For most of my life, I believed I was broken.
- My emotions were a sign of weakness; they were too intense and needed to be stifled
- My resentment at having to follow stupid rules or do meaningless assignments meant I was difficult
- I needed too much information before making decisions and cared too much about getting them right, so I was wishy-washy
I spent a lot of years beating myself up for being the way I was. I was constantly trying to hide those parts of myself and re-shape them into more acceptable traits.
Especially when I entered the corporate world. I felt like I didn’t fit, but I thought it was because there was something wrong with me.
Then, during my fourth traditional corporate job, I noticed I hadn’t made any progress with changing myself into a good, happy worker-bee.
I realized that giving myself some kind of lobotomy – shutting myself down so I wouldn’t care whether my work was fulfilling – just wasn’t an option.
I wanted more freedom. More sovereignty. More say in what I’d create and how I’d create it.
I knew on some level that changing companies and job titles wouldn’t be enough. By definition, a job (working for someone else to further their agenda, as noble as their mission may be) was never going to cut it. I’d have to build a business and it would have to come from my heart.
But what was really in my heart? After years of shutting off the parts of myself that didn’t fit other people’s views of how I should be, I didn’t know my own heart anymore.
And even if I did know, I had no idea how I could turn it into a business.
That was when I really started learning about myself. Connecting with myself so that I could know what I wanted and what I needed in order to be happy and thrive in my work.
I had tried to change myself to fit their requirements and it was a complete disaster. Not only did it not work, it created a hell of a lot of pain and self-loathing.
That was when I stopped believing I was broken.
Partly I stopped believing it because the belief itself was a source of pain I was no longer willing to carry around. It was a belief that was handed to me at a time I was too young to know any better.

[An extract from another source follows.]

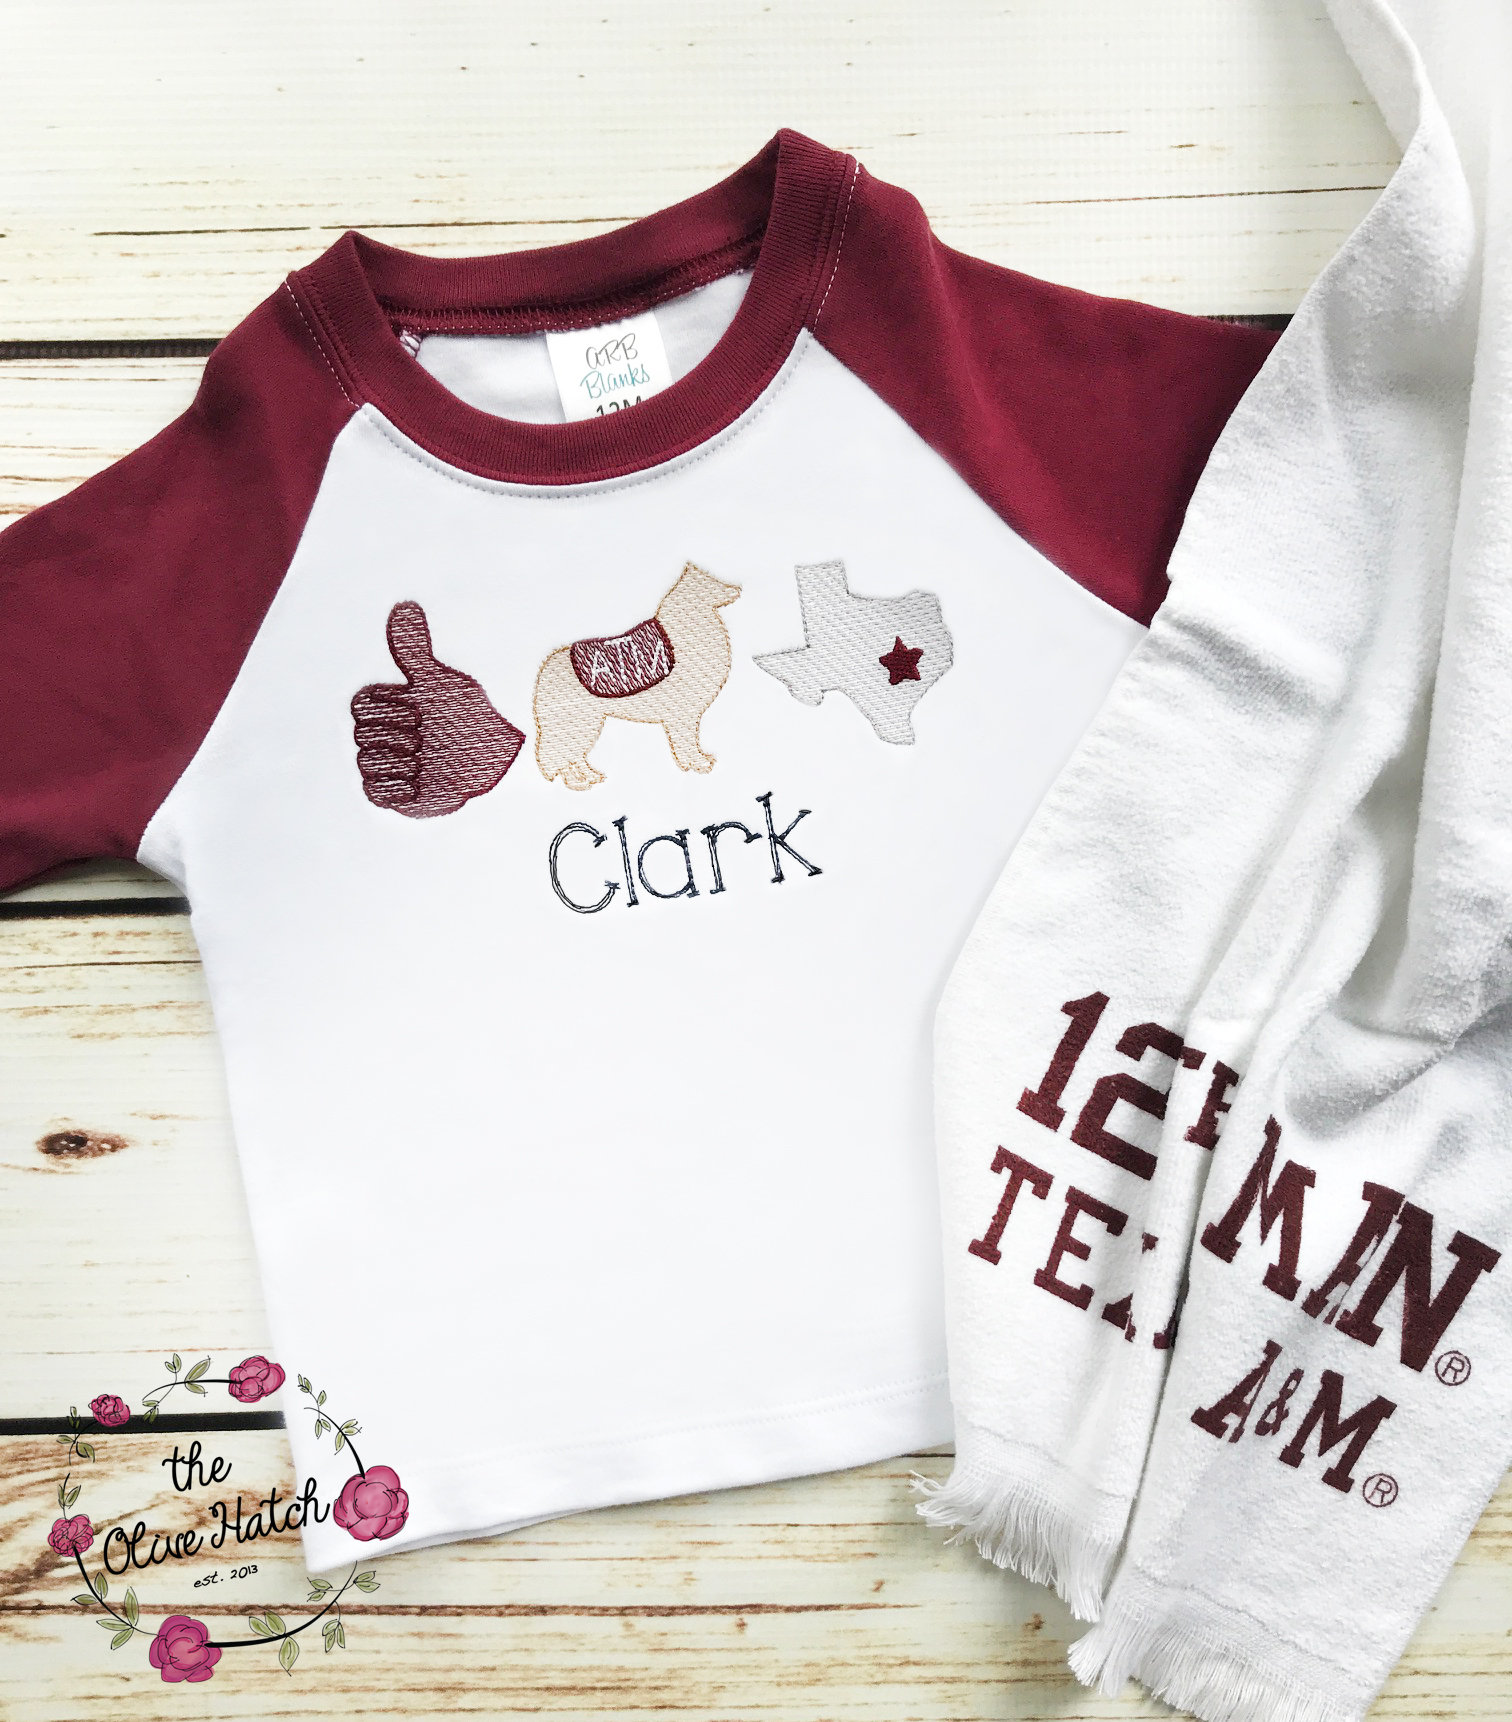 Applique Embroidery Team Spirit Maroon and White Football Trio Sketch Shirt

But I really grokked the truth that none of us are broken when I noticed that so much of what I regarded as unacceptable about myself was actually just inconvenient for someone else.
- If you have a strong sense of self, you get called stubborn
- If you are highly sensitive, you get called needy and high-maintenance
- If you are an idealist who wants to make the best possible choice, you get called indecisive and wishy-washy
- If you bristle at stupid rules and busy-work, you have a bad attitude
Whether it’s inconvenient because it makes someone work harder to help us thrive, or asks them them to reconsider their own worldview, or maybe something about us simply forces them to feel something they’d rather not feel, the result is the same. We’re the minority so we wind up feeling as though we are the problem.
But here’s the thing:
Not only are you not broken, but the parts of yourself you learned to despise are most likely the very parts that hold the key to finding your Thing, creating work that you love and changing the world.
It took a long time, but eventually I saw that my sensitivity is what helps me to connect with my clients. And my intolerance for bullshit is what led me to the path of entrepreneurship. And my careful decision-making is simply part of the way I think and operate.
Those traits I was trying to squelch were all signposts leading me toward what I wanted to create and how I needed to create it in order to thrive. They were never flaws that needed to be banished or rejected.
Sometimes my “special traits” still bump up against life in a way that feels inconvenient and painful, like everything would be so much easier if I could just not be that way, at least for that situation.
But I’m learning that the more I meet all of myself with acceptance, compassion and curiosity, the more I’m able to build my business around who I am.
We’re born with a unique set of traits and characteristics.
And the traits that not everyone understands are the ones that get deemed inconvenient, unacceptable, not ready for prime-time.
It’s because those traits aren’t for everyone. They’re gifts to your Right People. (Is it any wonder why it’s so draining to hang out with Wrong People all day long?)
Maybe all of this is hard to believe right now. I get it.
How can something you learned to believe was a flaw – which caused you so much pain and kept you from fitting in – be a gift?
Suppose it were true just for a moment.
What would those unacceptable parts of yourself tell you about the kind of work you’d really like to do and the kind of people you’d really like to work with?
How would it feel to stop fighting against who you are and instead build your work around it?
What gifts are you withholding from your Right People?